*Requirement*. This calls for a verbatim copy of all the data, with no images carried over.

*Data below*.
^^^^^^^^

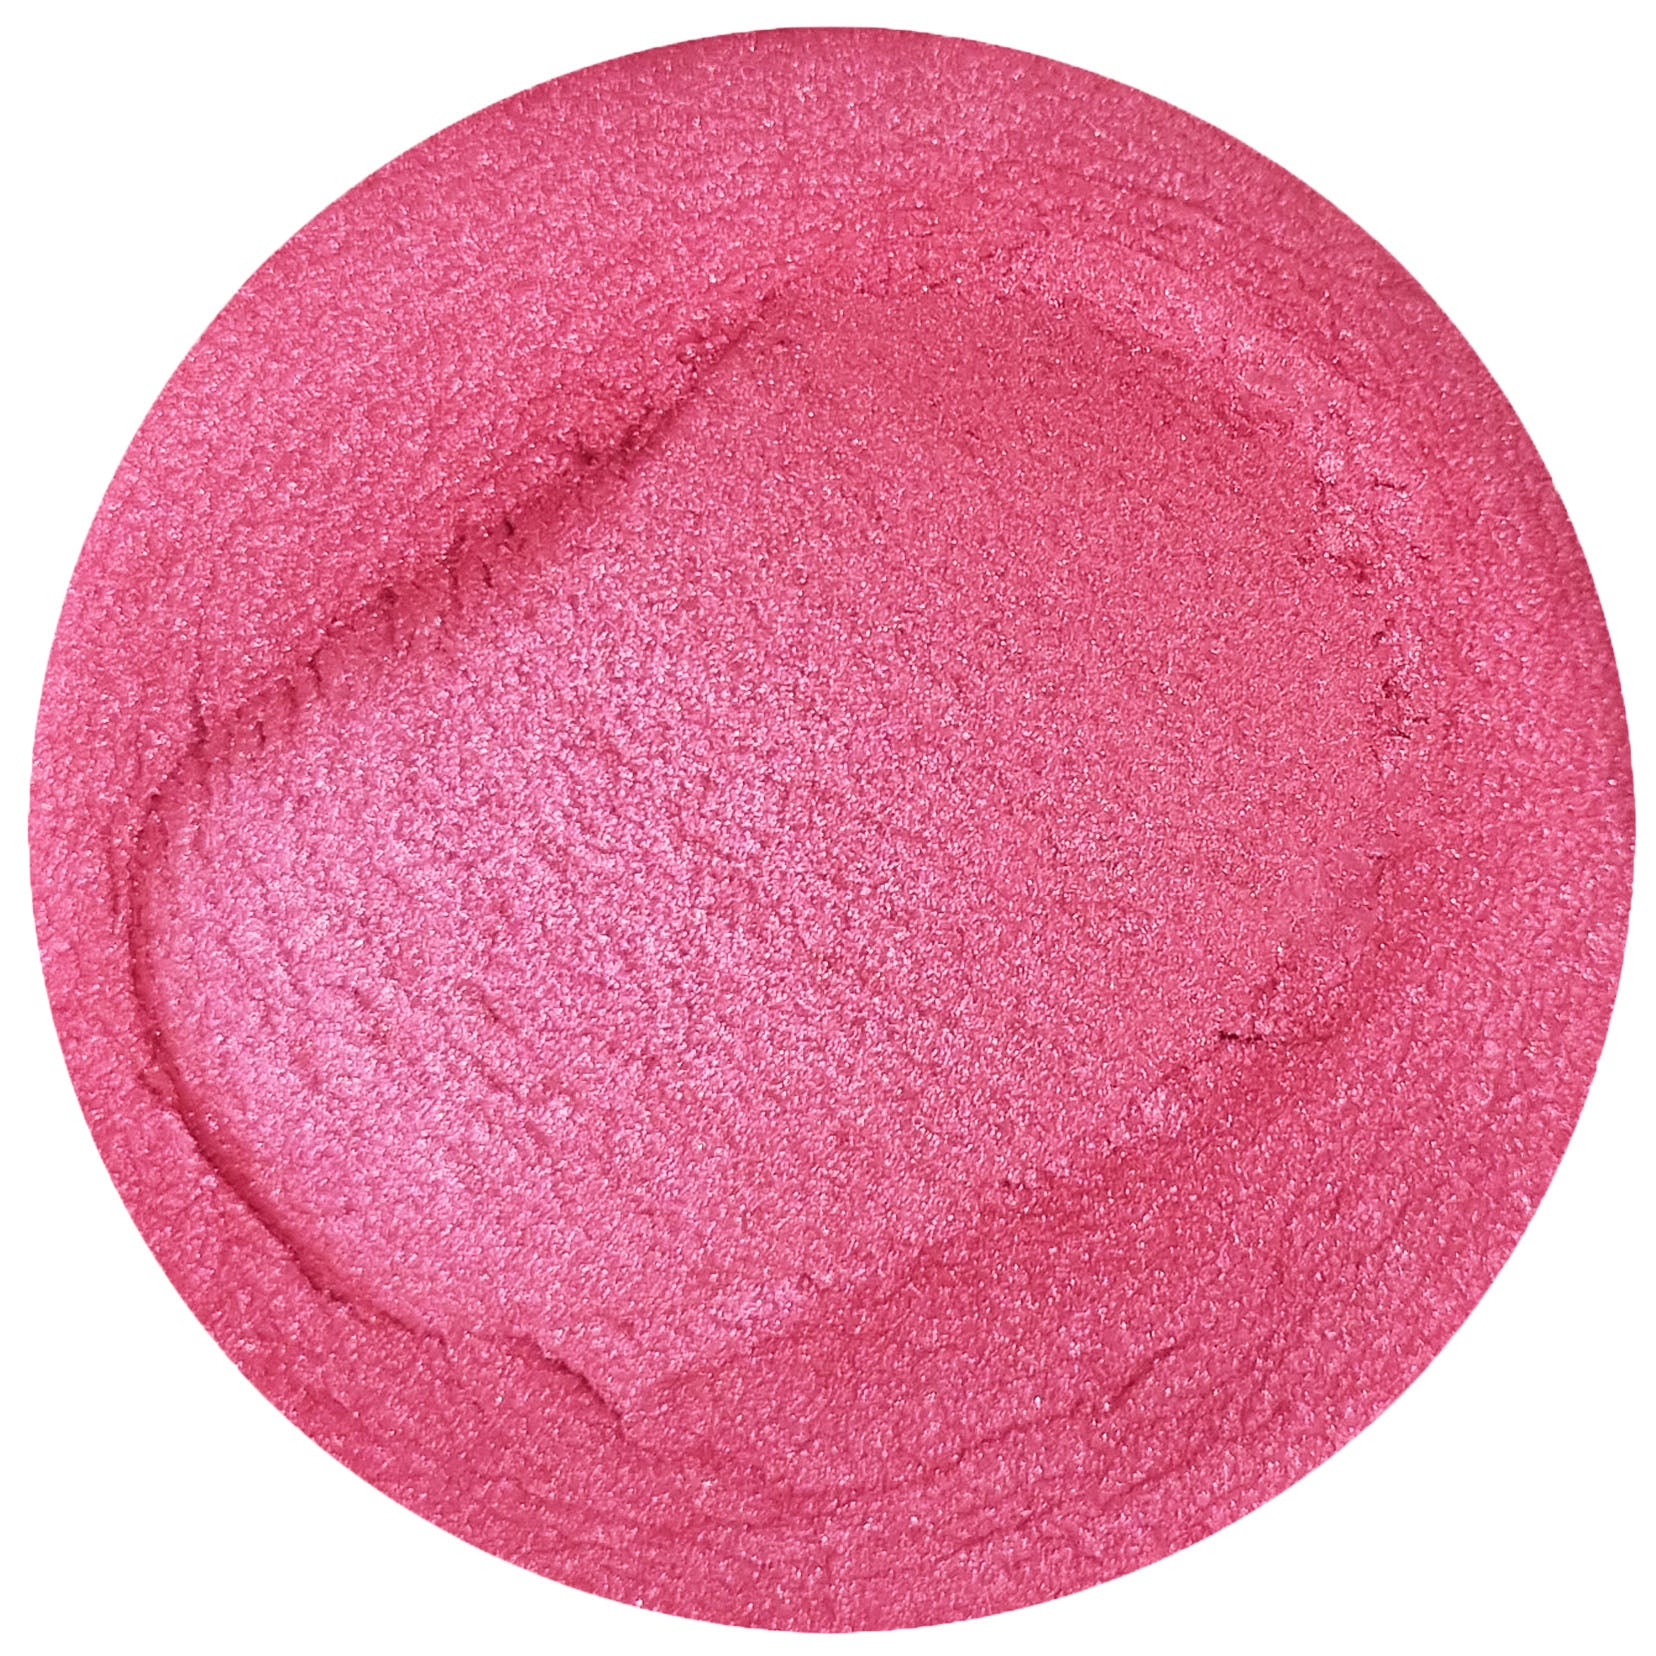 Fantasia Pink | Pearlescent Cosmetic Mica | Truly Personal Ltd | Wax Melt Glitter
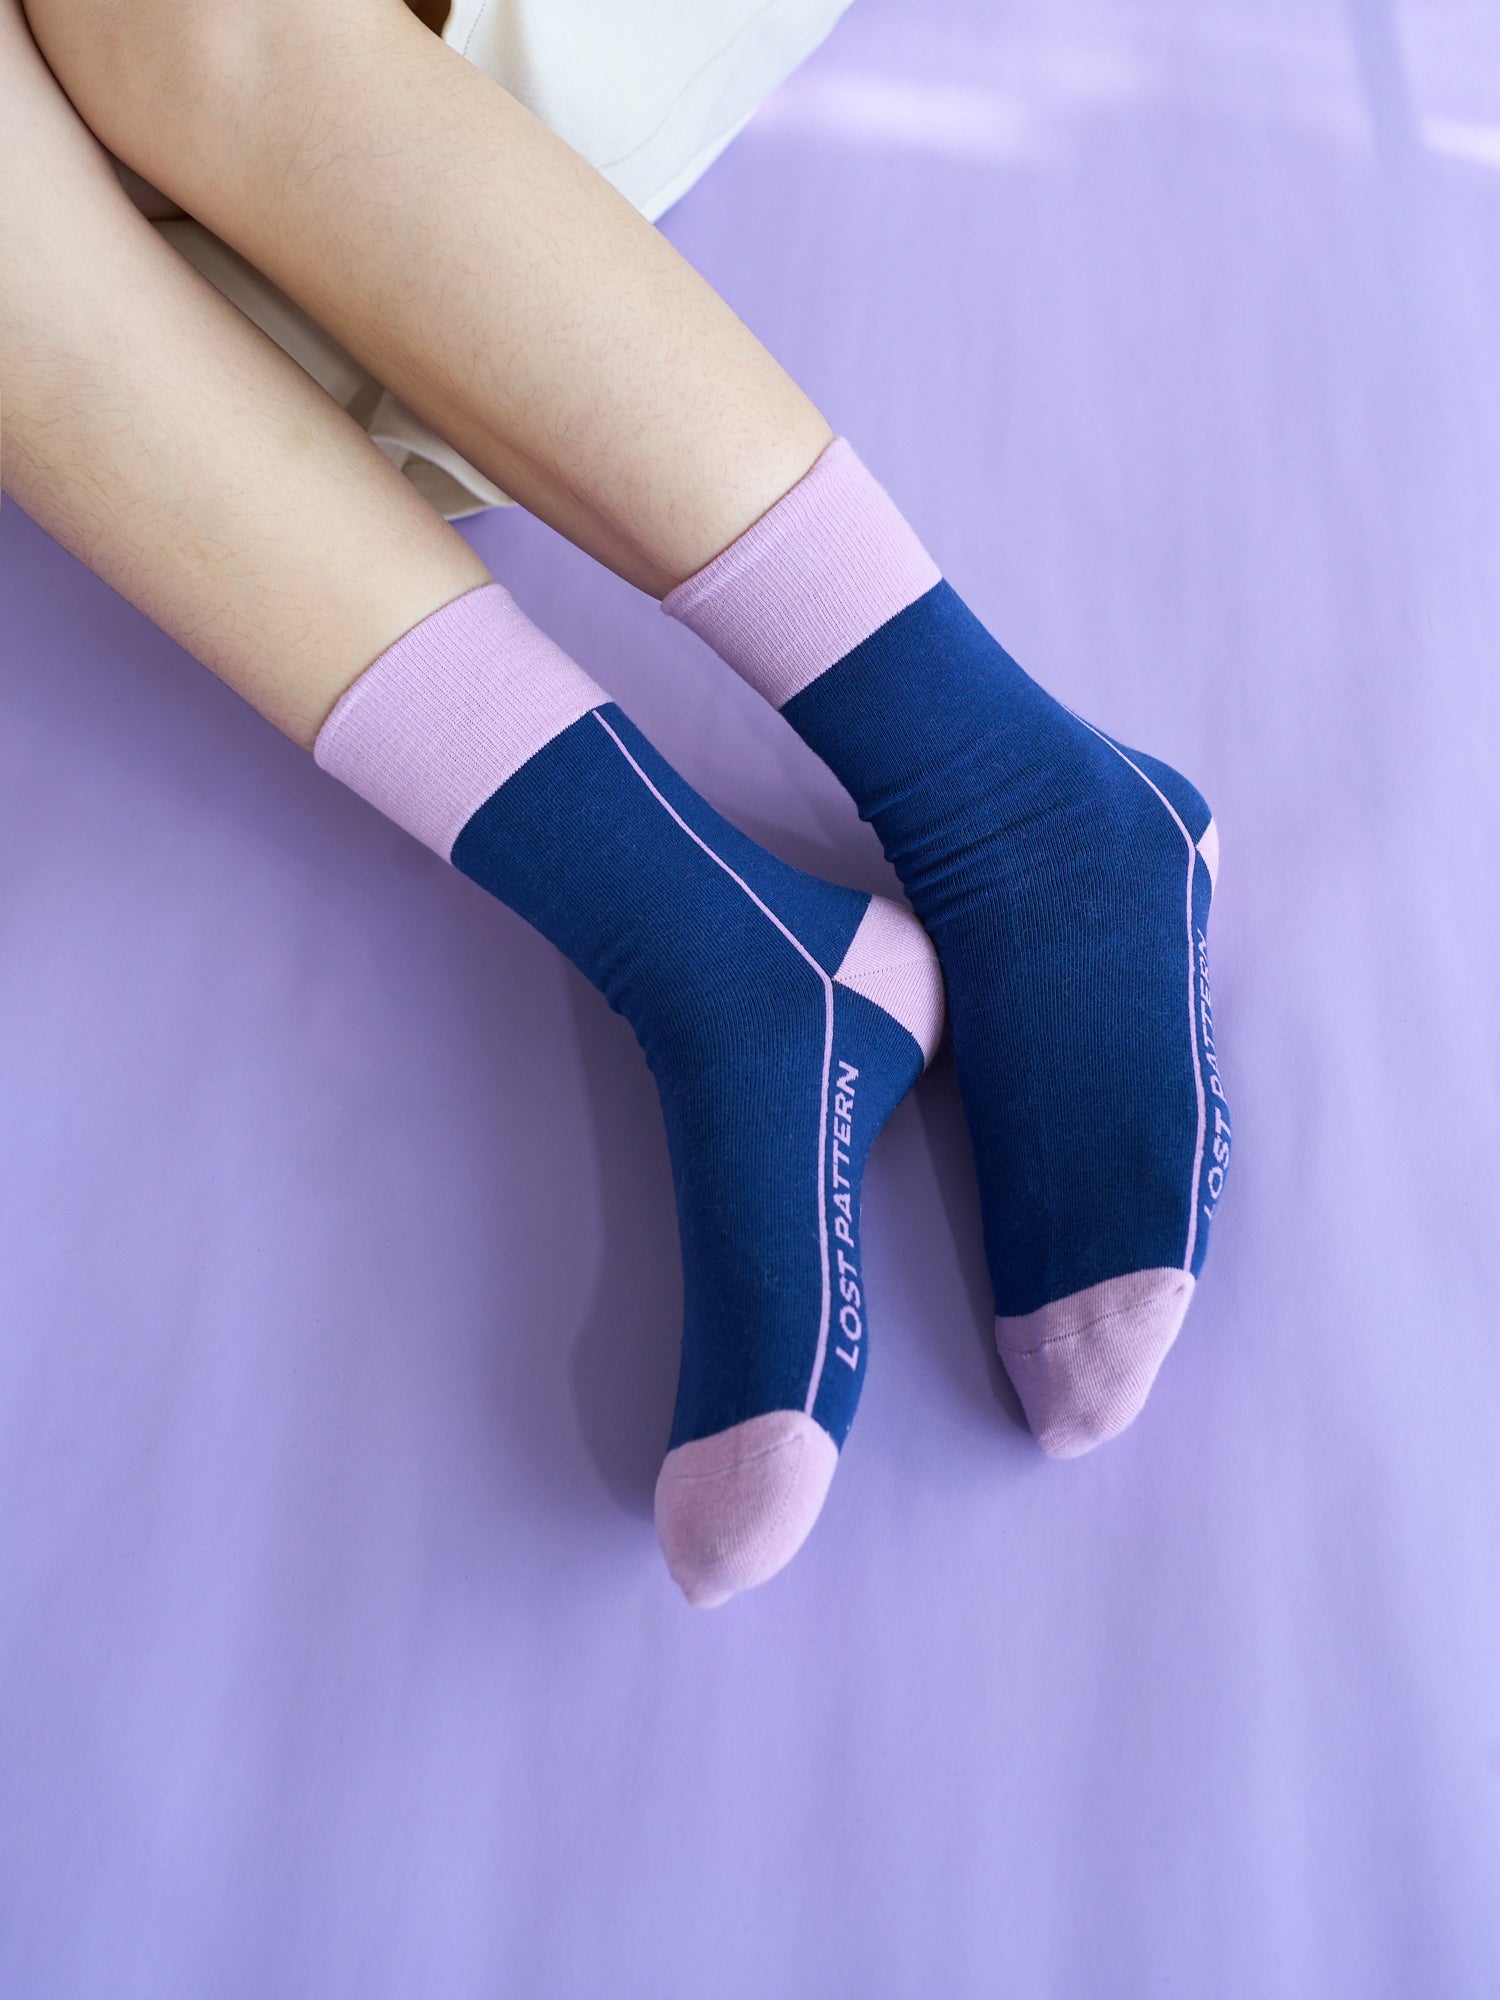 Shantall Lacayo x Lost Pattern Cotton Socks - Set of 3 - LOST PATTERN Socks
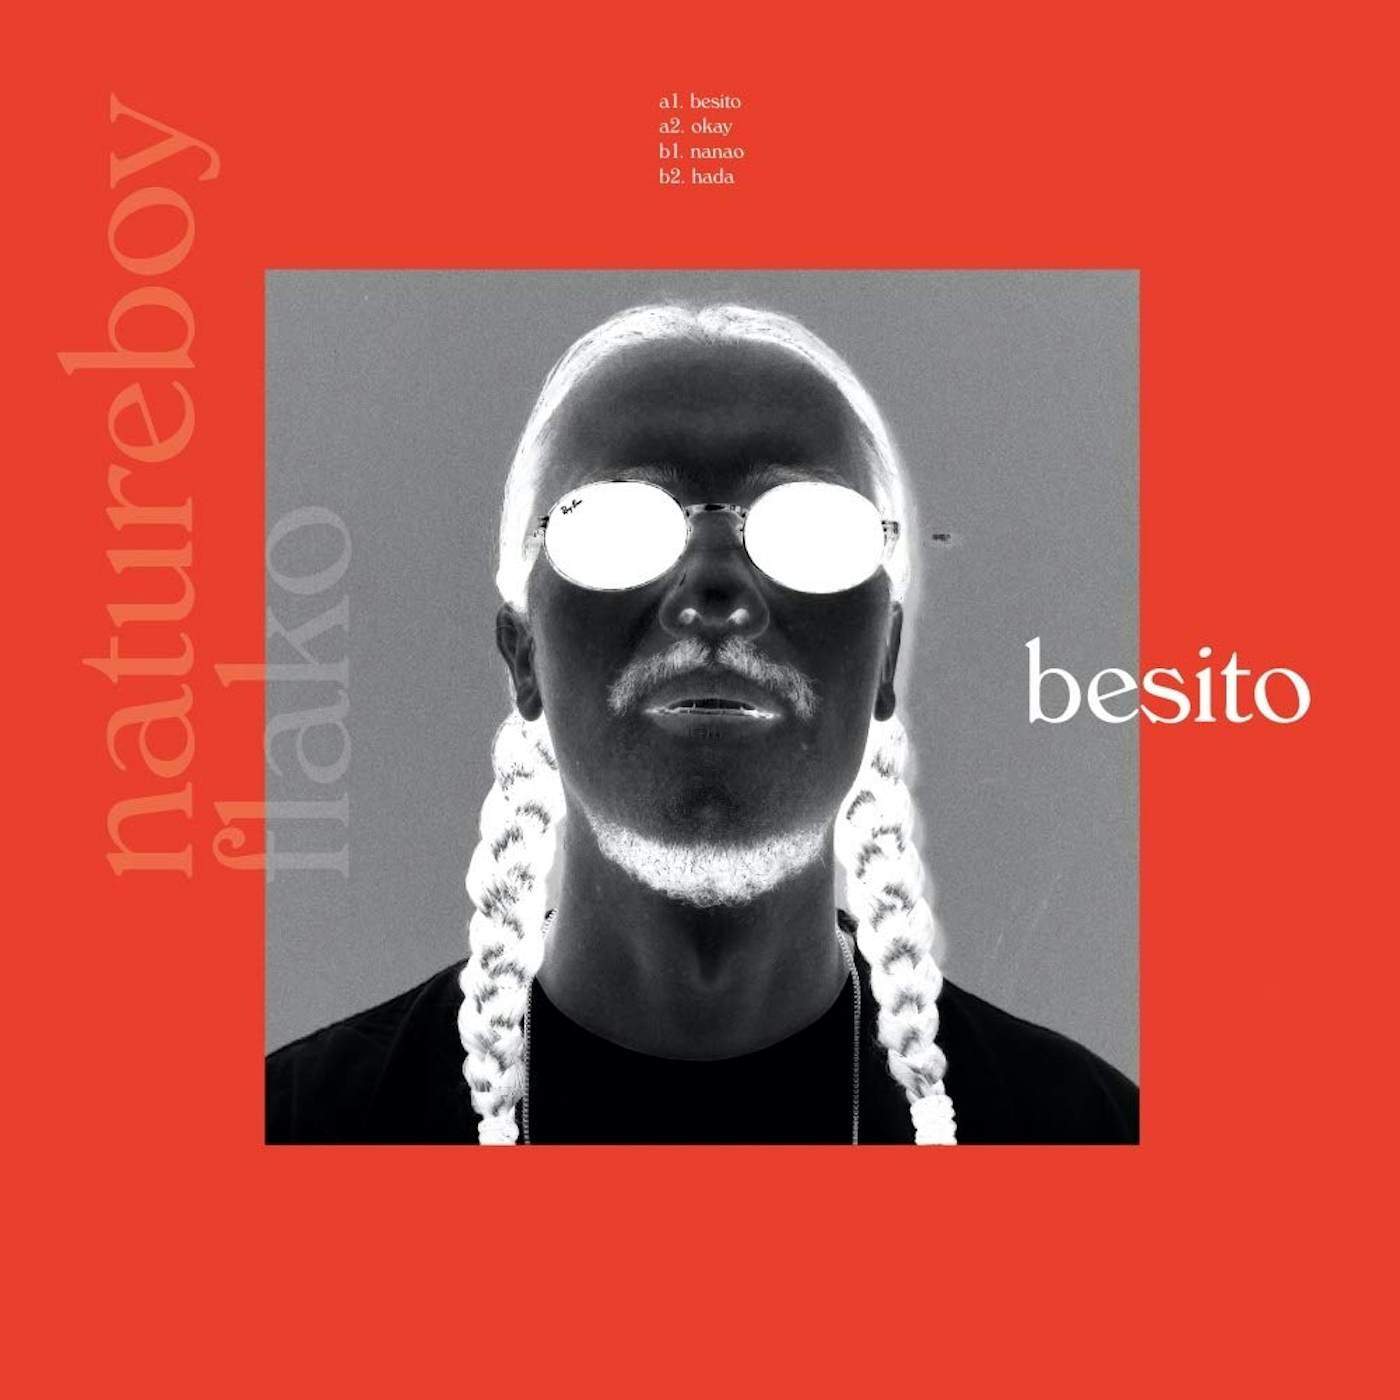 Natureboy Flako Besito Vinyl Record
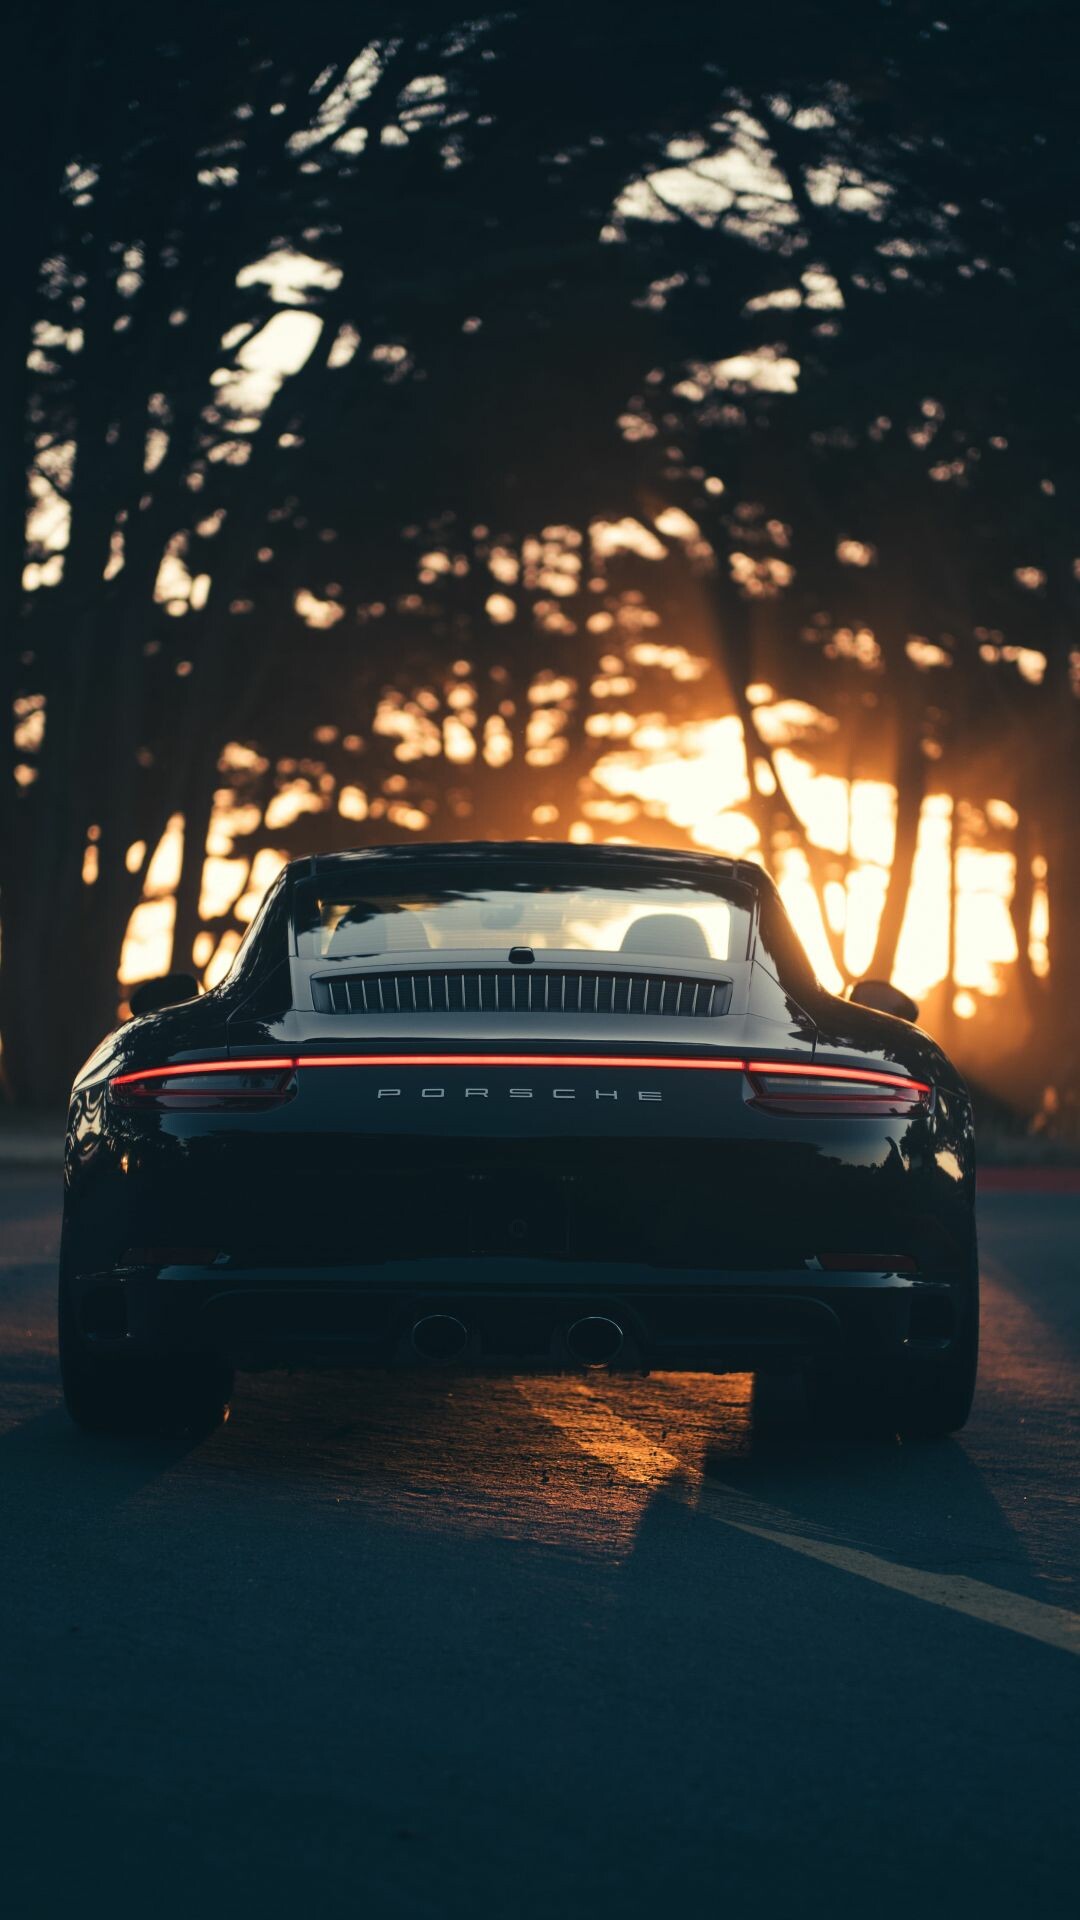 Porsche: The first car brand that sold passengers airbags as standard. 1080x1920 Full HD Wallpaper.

^^^^^^^^

*Response*.
 Fantasia Pink | Pearlescent Cosmetic Mica | Truly Personal Ltd | Wax Melt Glitter
 Shantall Lacayo x Lost Pattern Cotton Socks - Set of 3 - LOST PATTERN Socks
 Natureboy Flako Besito Vinyl Record
 Porsche: The first car brand that sold passengers airbags as standard. 1080x1920 Full HD Wallpaper.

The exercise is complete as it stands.